PROBLEM:
Omit every picture, then return the listing verbatim.

PROVIDED DATA:
==================================================

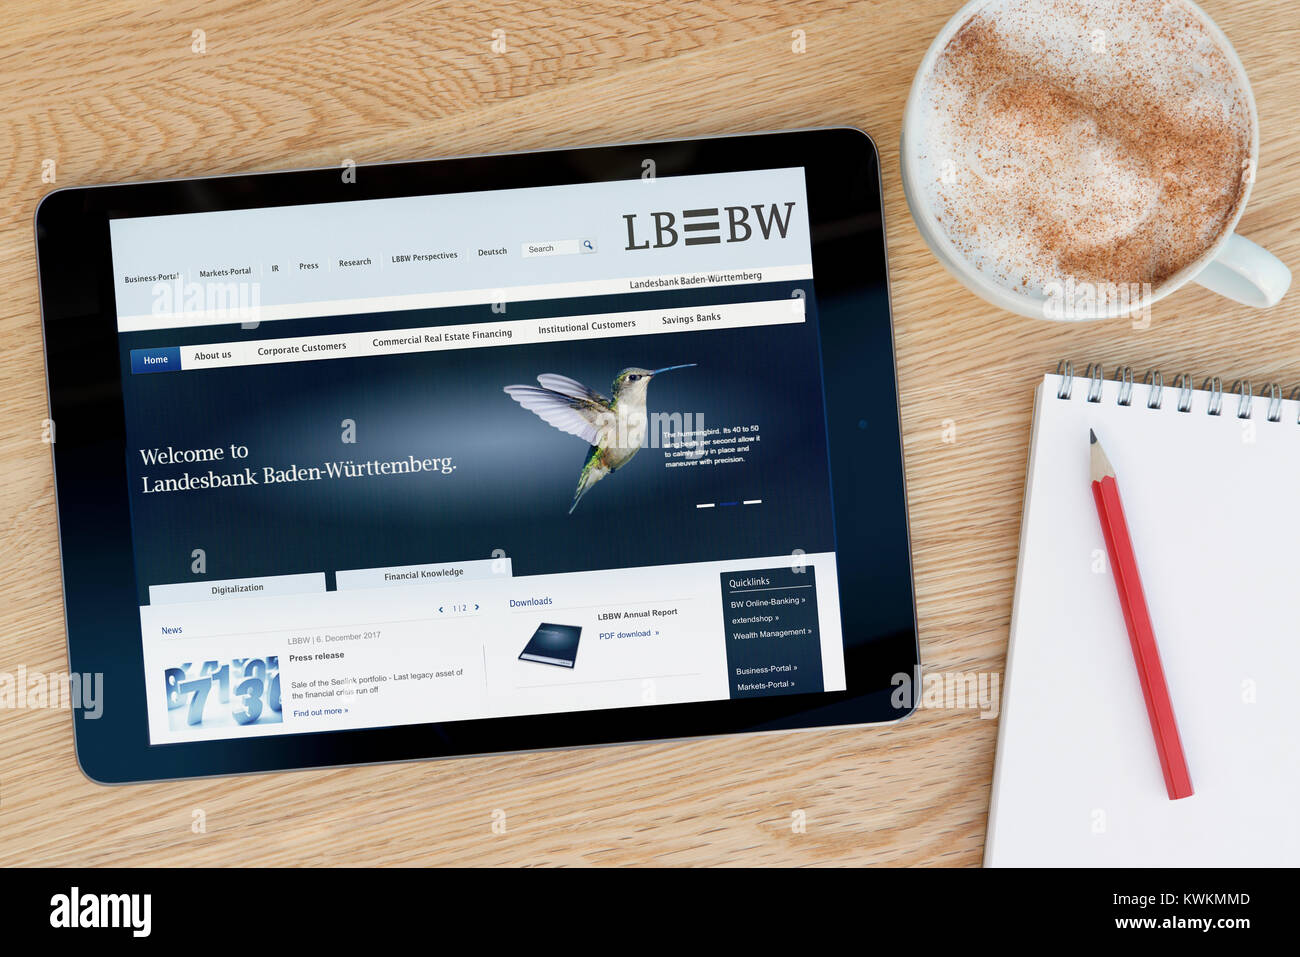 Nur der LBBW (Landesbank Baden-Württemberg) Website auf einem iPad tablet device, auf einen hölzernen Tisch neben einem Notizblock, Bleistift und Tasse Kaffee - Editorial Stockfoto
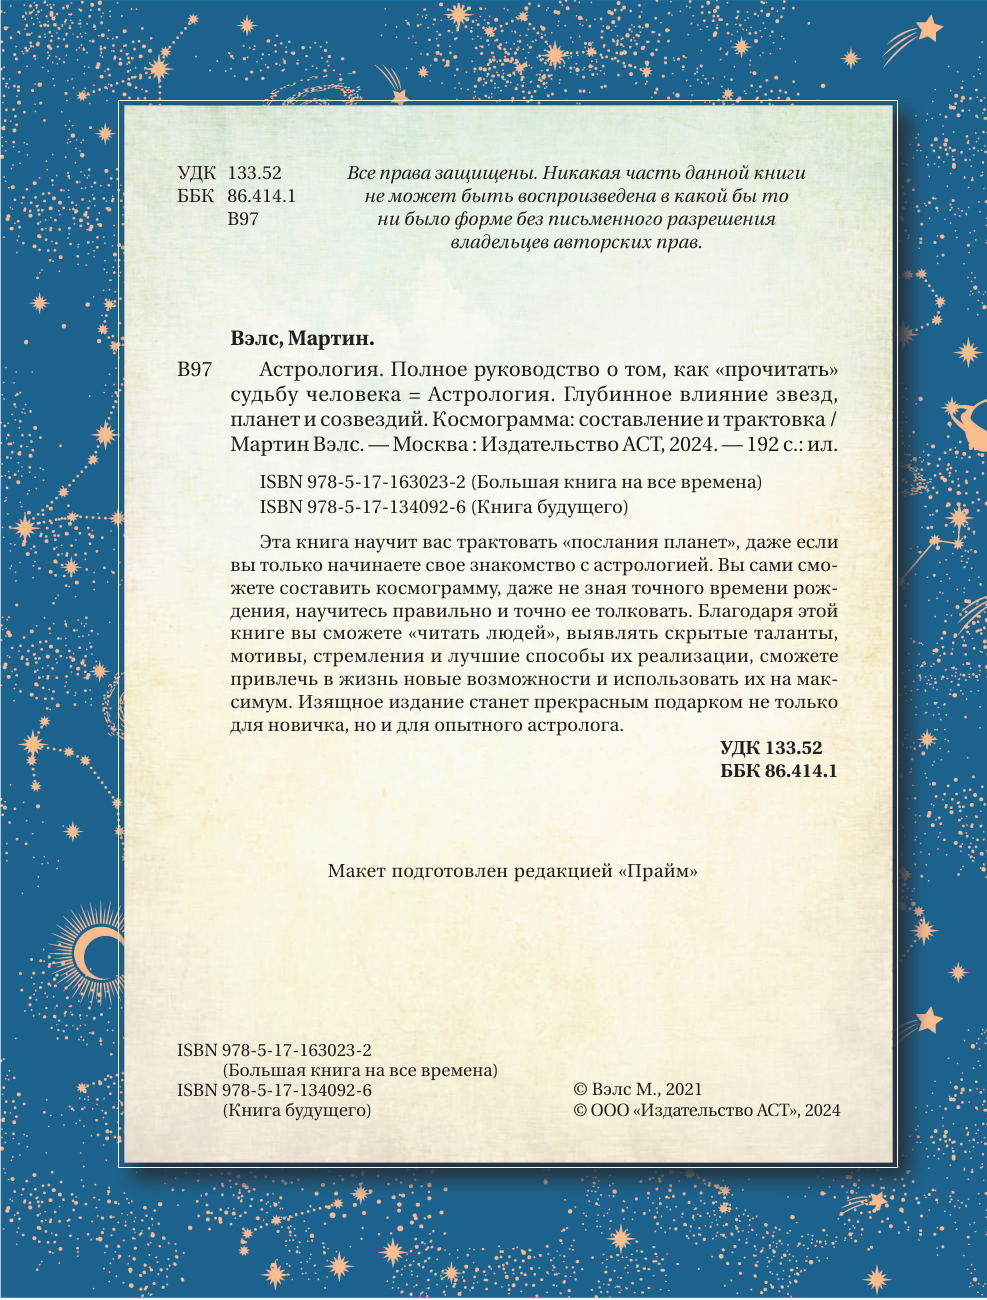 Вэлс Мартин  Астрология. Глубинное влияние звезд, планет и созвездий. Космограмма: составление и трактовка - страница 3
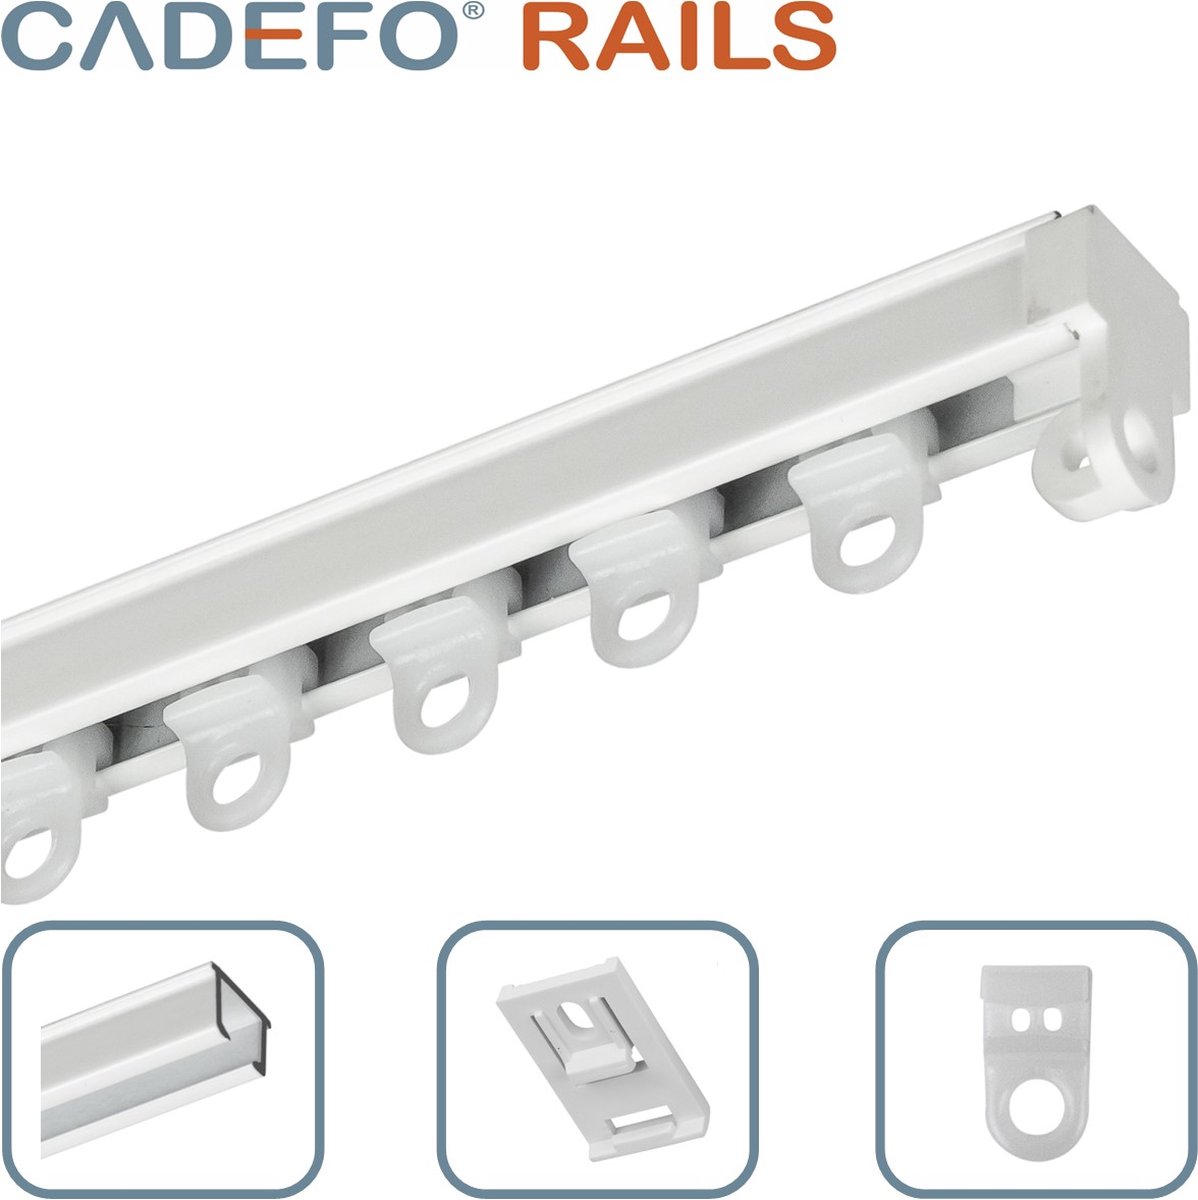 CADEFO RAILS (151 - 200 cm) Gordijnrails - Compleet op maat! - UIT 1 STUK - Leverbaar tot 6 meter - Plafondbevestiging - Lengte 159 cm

==================================================

OUTPUT BELOW:
 Nur der LBBW (Landesbank Baden-Württemberg) Website auf einem iPad tablet device, auf einen hölzernen Tisch neben einem Notizblock, Bleistift und Tasse Kaffee - Editorial Stockfoto
 Вэлс Мартин  Астрология. Глубинное влияние звезд, планет и созвездий. Космограмма: составление и трактовка - страница 3
 CADEFO RAILS (151 - 200 cm) Gordijnrails - Compleet op maat! - UIT 1 STUK - Leverbaar tot 6 meter - Plafondbevestiging - Lengte 159 cm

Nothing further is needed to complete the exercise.